Find the line below with "Travel Essential--Unisex Wash" and the line with "Taif Моторное масло Taif ALLEGRO 5W-30, 4 л". Output them and the lines between, exactly, but not the pictures.

* Record excerpts *
BEGIN

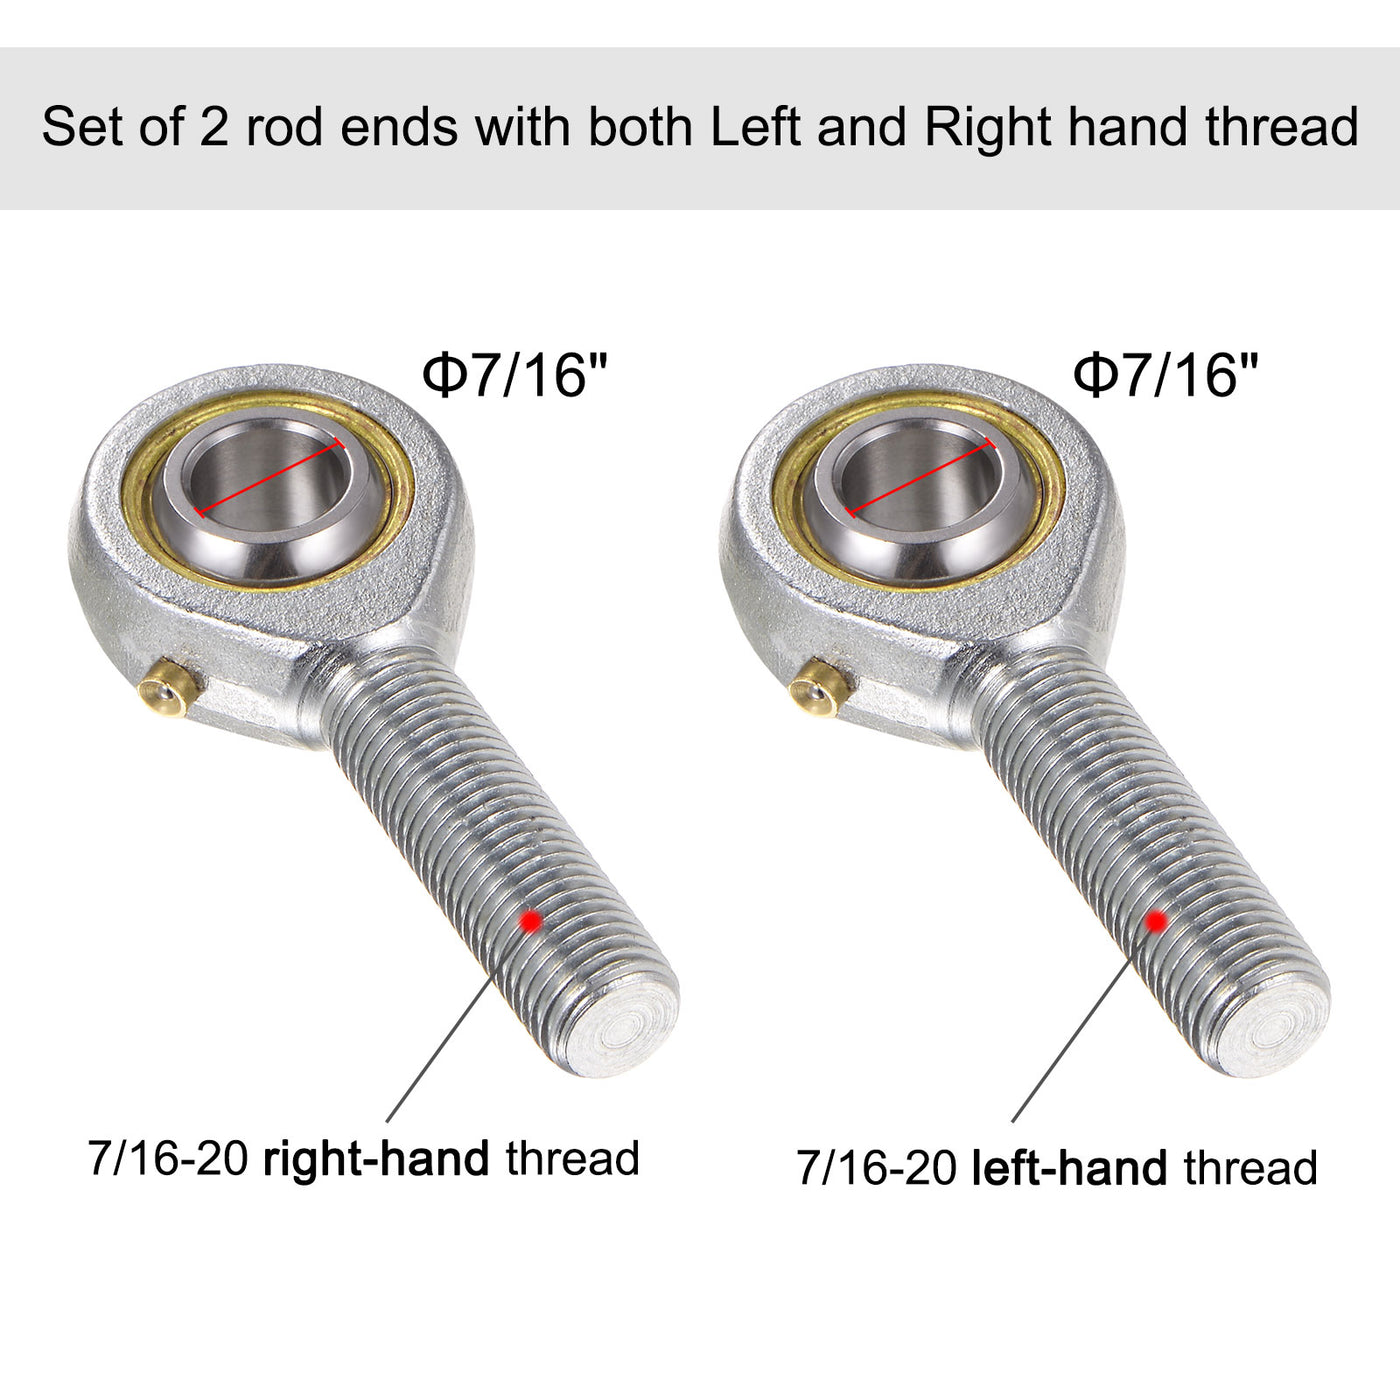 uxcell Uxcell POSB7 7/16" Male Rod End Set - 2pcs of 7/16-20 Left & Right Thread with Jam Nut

END
BEGIN

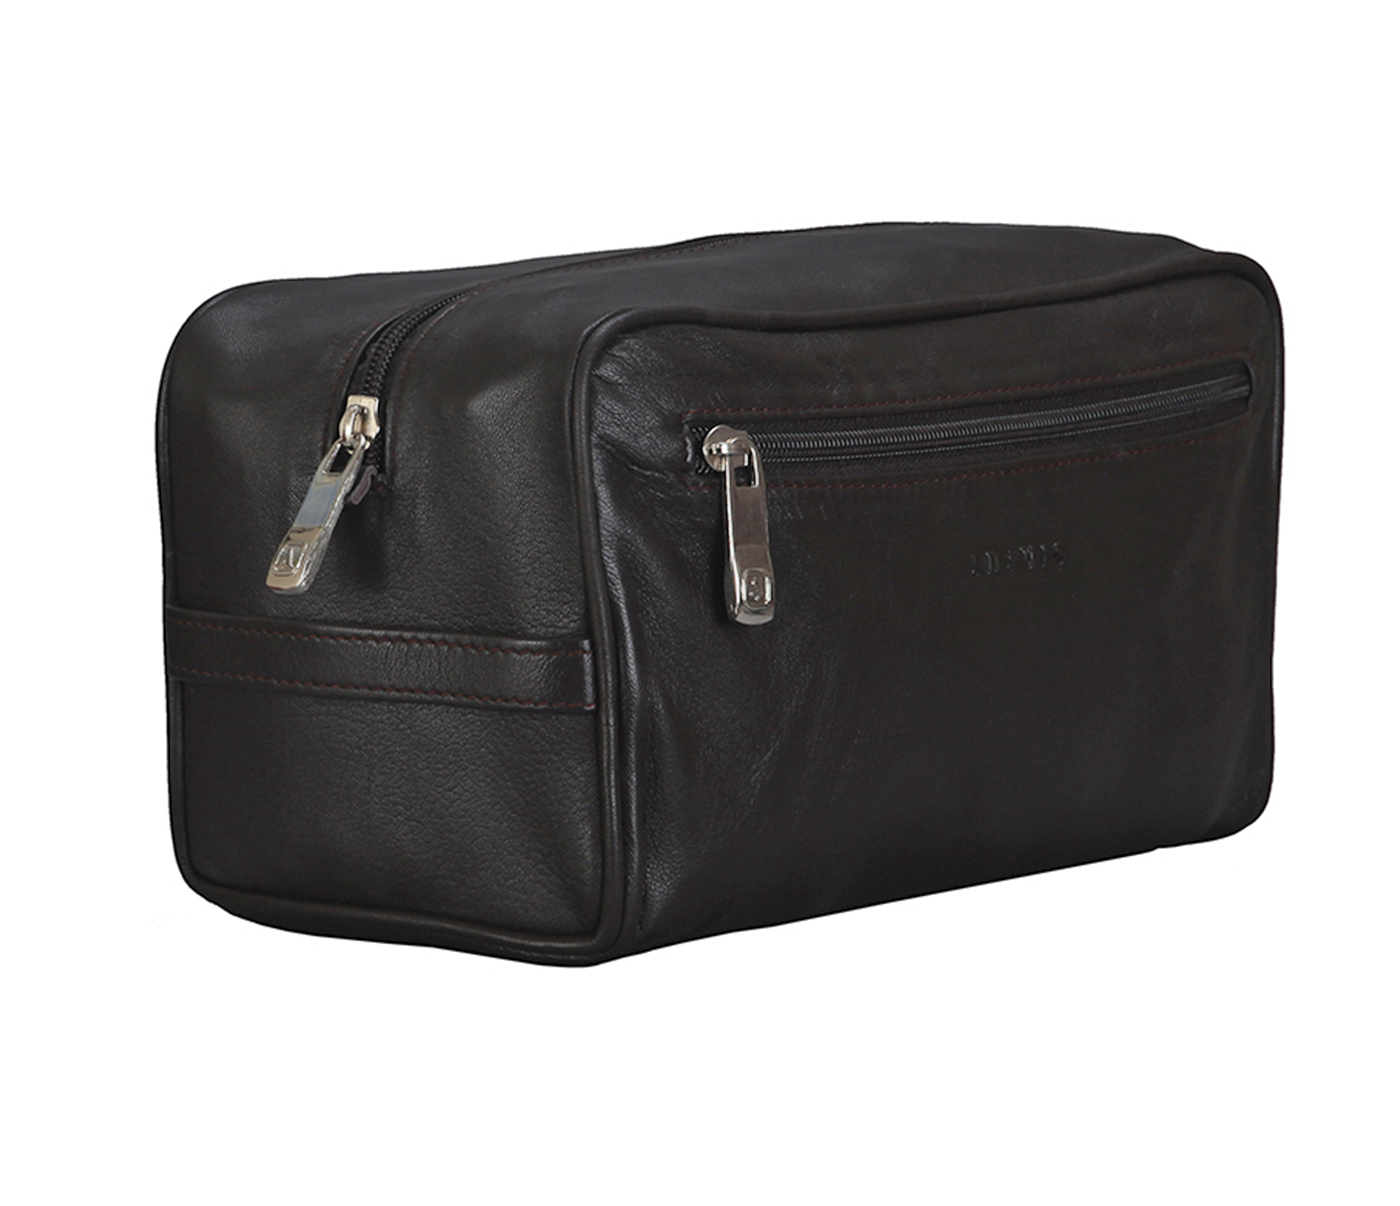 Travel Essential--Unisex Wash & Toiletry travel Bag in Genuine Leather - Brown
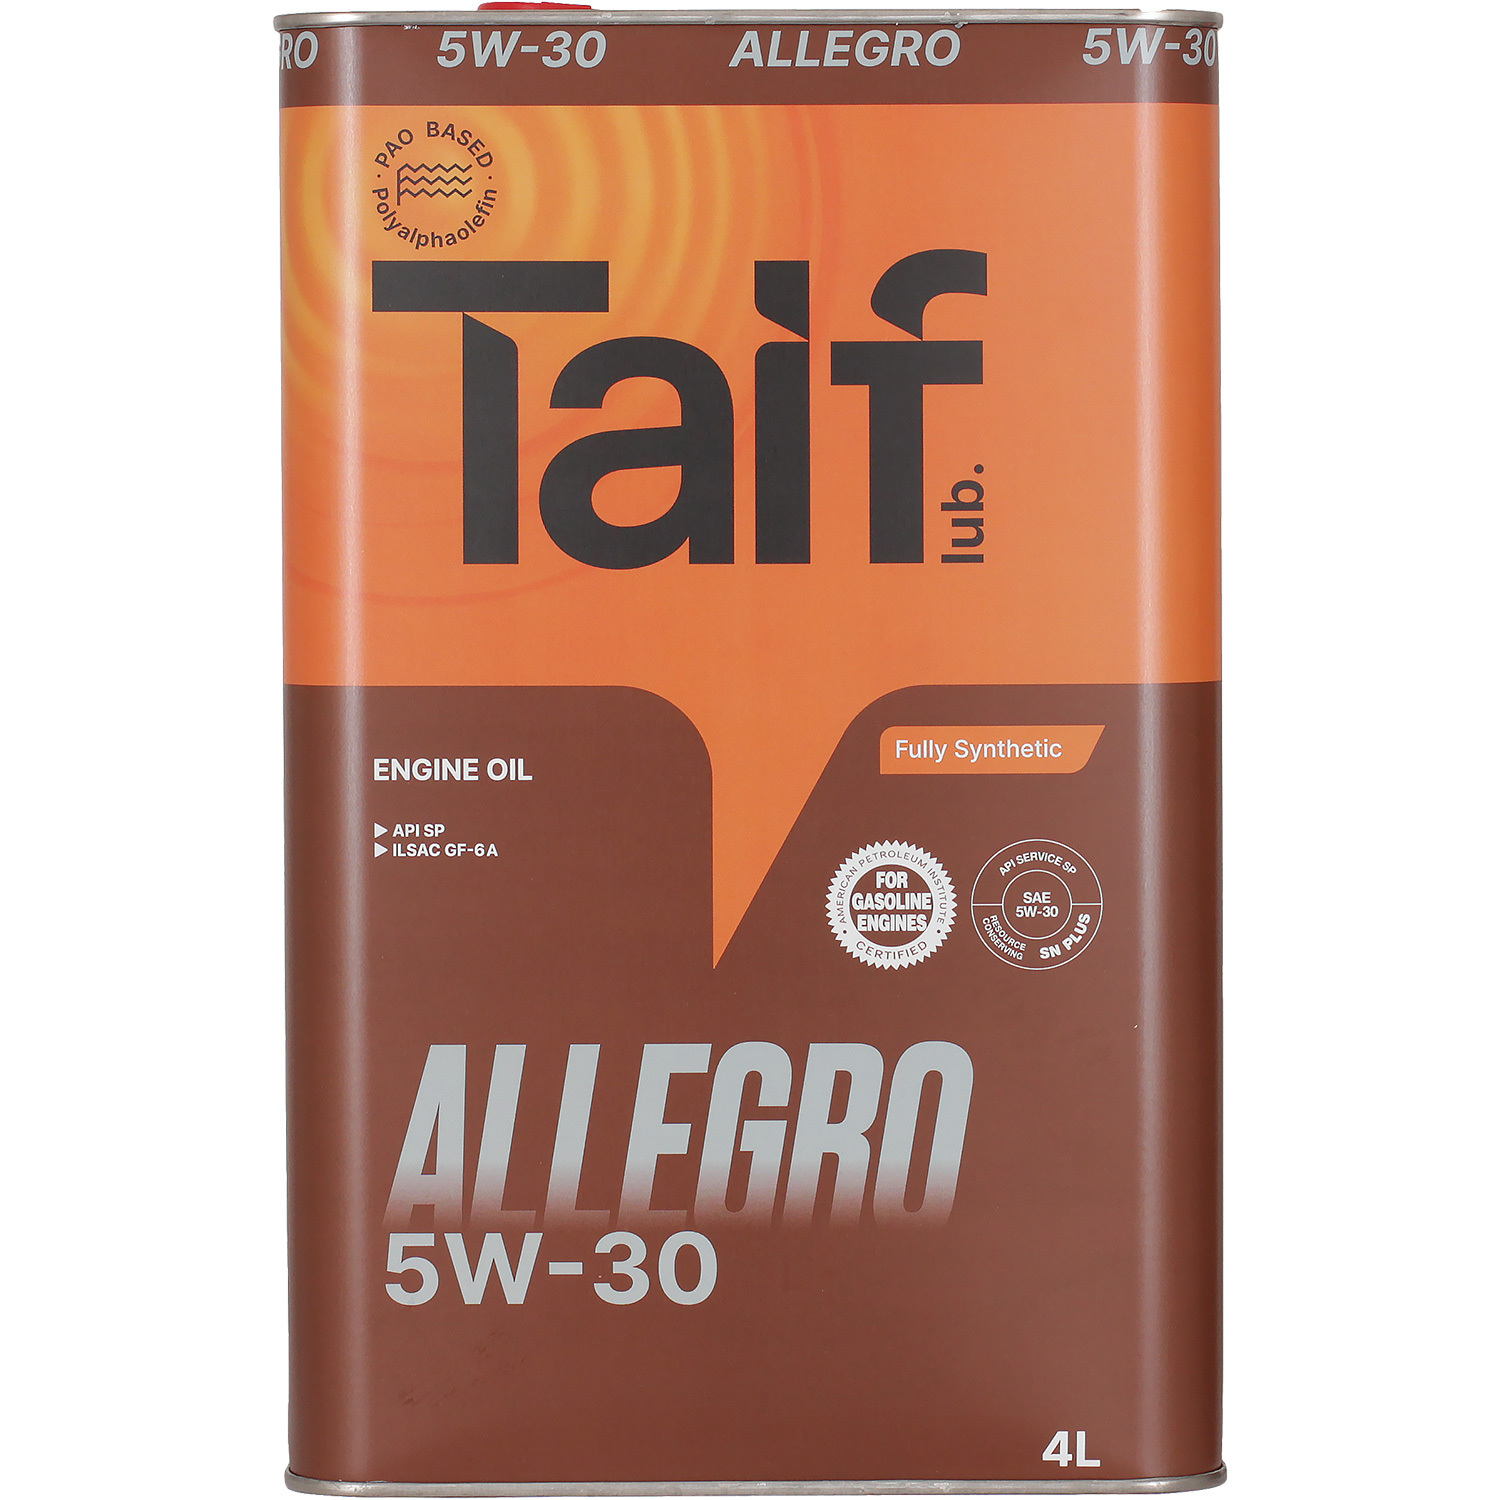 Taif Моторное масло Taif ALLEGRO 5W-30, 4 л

END
BEGIN

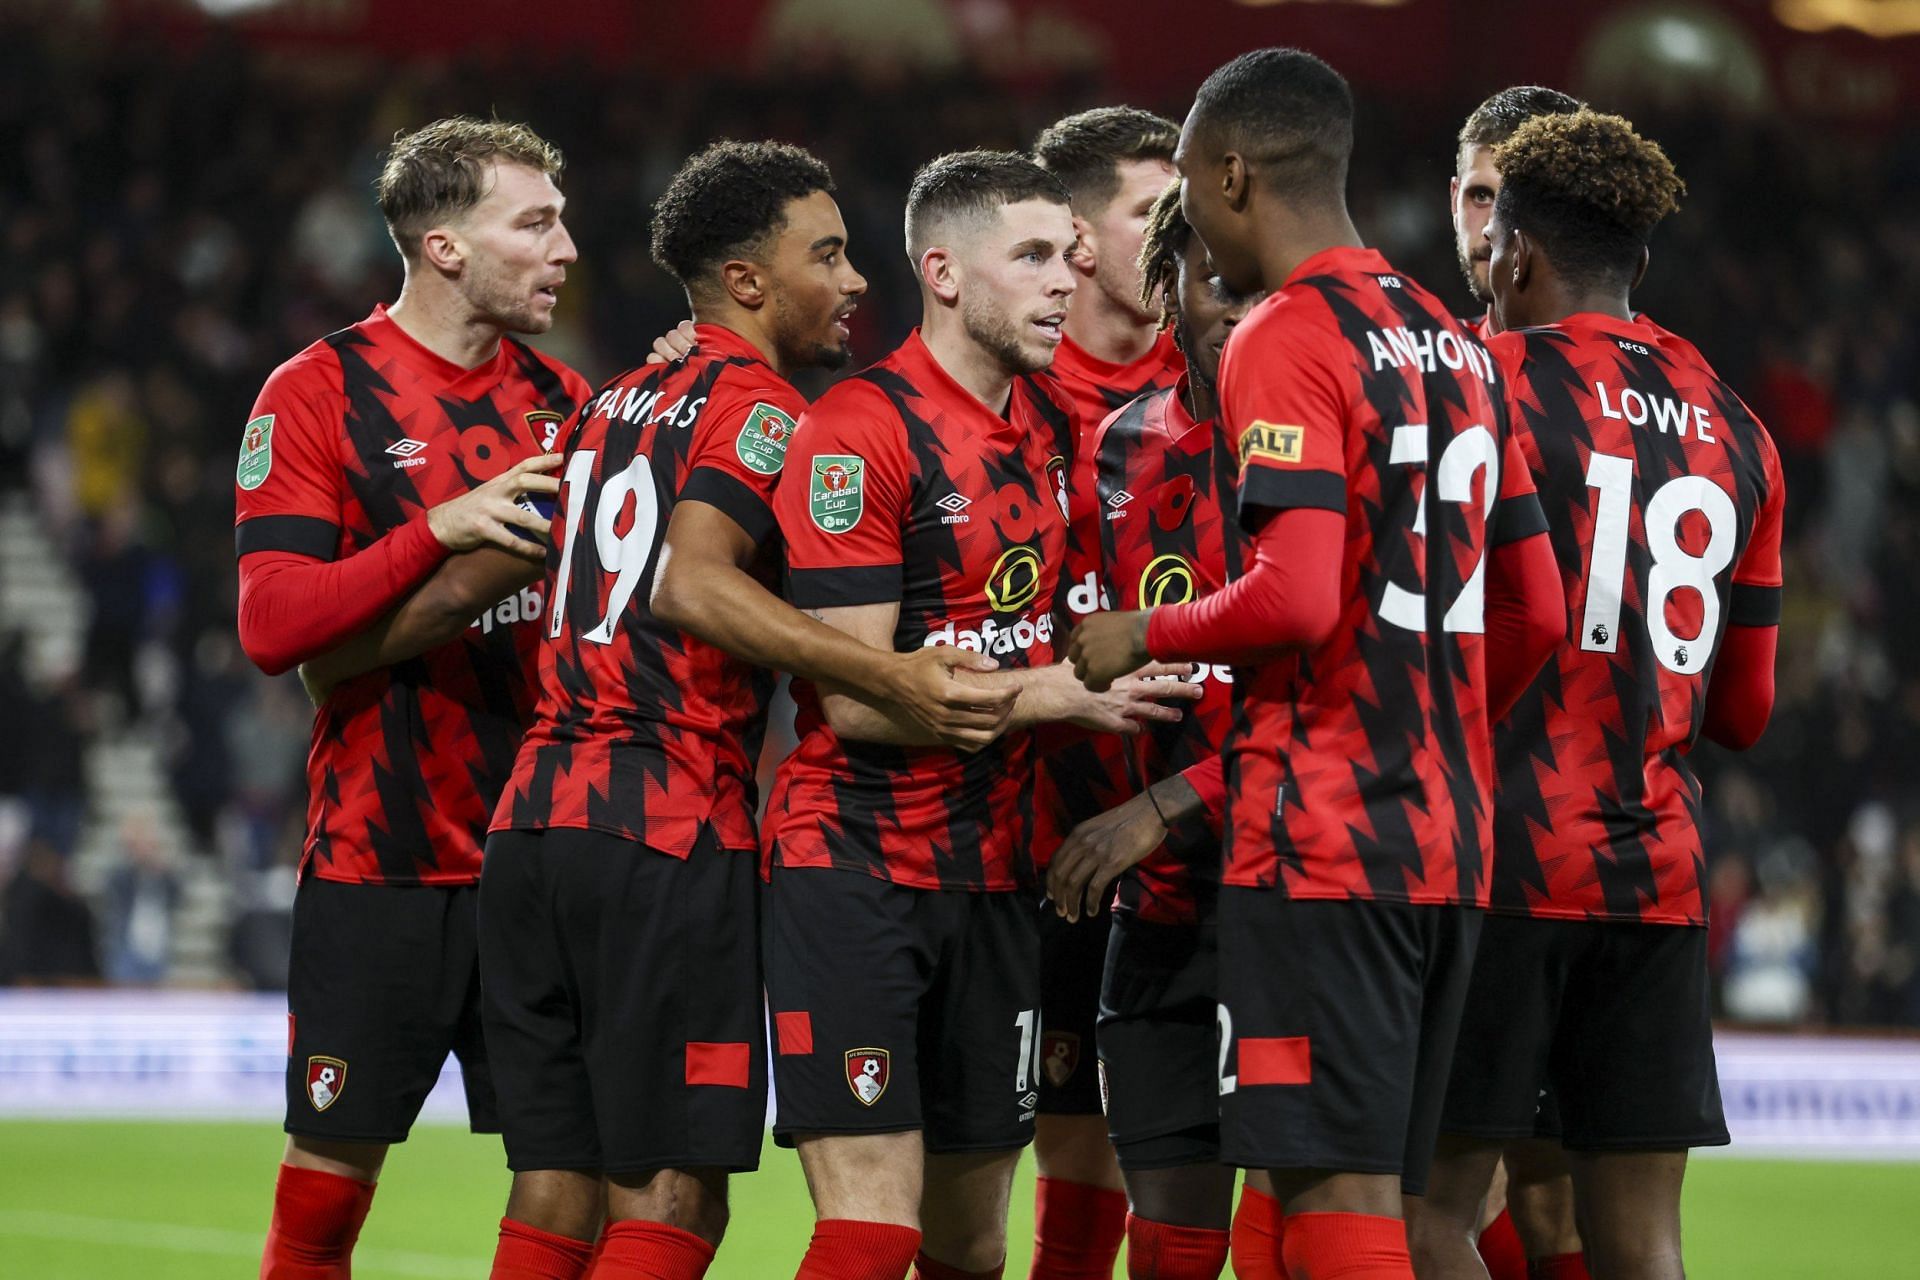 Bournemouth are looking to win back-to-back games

END

* Exercise result *
 Travel Essential--Unisex Wash & Toiletry travel Bag in Genuine Leather - Brown
 Taif Моторное масло Taif ALLEGRO 5W-30, 4 л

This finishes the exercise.